Published August 6, 2010 11:07AM (EDT)

Supreme Court nominee Elena Kagan testifies on Capitol Hill in Washington, in this photo taken June 30, 2010. There was hardly a mention of it in her confirmation hearings last week, but Supreme Court nominee Elena Kagan raised hundreds of millions of dollars for Harvard Law School from wealthy donors while she was its dean. She could one day sit in judgment on cases involving some of those same donors.  (AP Photo/Alex Brandon) (AP)
Supreme Court nominee Elena Kagan testifies on Capitol Hill in Washington, in this photo taken June 30, 2010. There was hardly a mention of it in her confirmation hearings last week, but Supreme Court nominee Elena Kagan raised hundreds of millions of dollars for Harvard Law School from wealthy donors while she was its dean.
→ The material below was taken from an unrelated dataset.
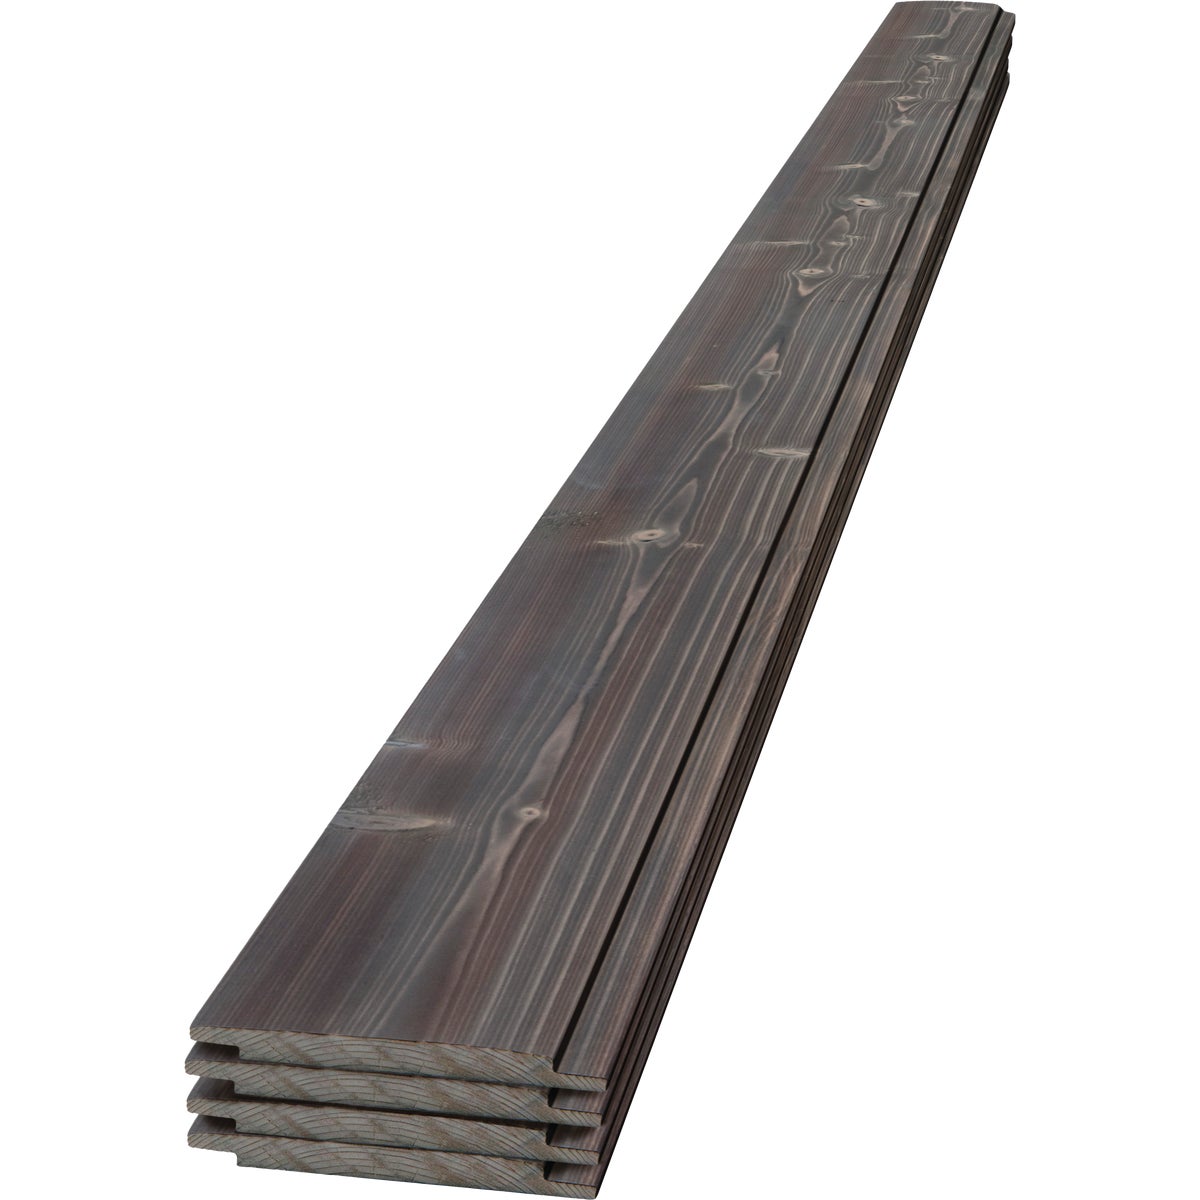 UFP-Edge 6 In. W x 8 Ft. L x 1 In. Thick Charred Ash Wood Shiplap Board (12.33 Sq. Ft./4-Pack)
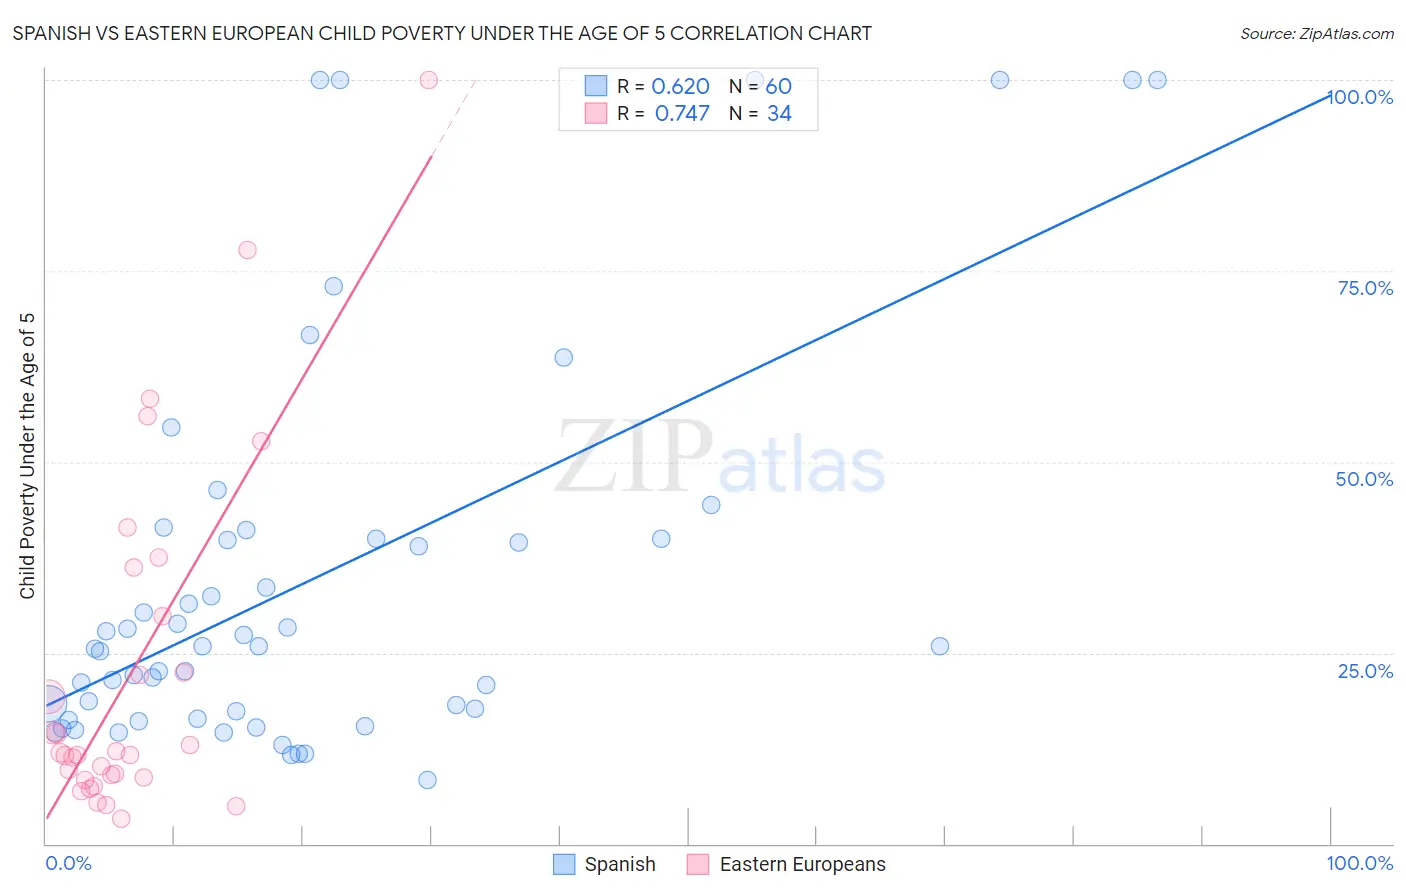 Spanish vs Eastern European Child Poverty Under the Age of 5

She could one day sit in judgment on cases involving some of those same donors. (AP Photo/Alex Brandon) (AP)

(updated below)

My advocacy against the choice of Elena Kagan to replace Justice Stevens largely ceased once she was selected because, as I always acknowledged, her confirmation would be virtually inevitable if she were chosen.  So uninspiring was Kagan's nomination that one should be forgiven for not having noticed that the Senate yesterday confirmed her appointment to the Supreme Court.  It was actually painful watching progressive Democratic Party judicial advocacy groups trying dutifully to pretend with their Press Releases yesterday that there was something significant or exciting to celebrate.  In any event, I'd like to make two points about this episode.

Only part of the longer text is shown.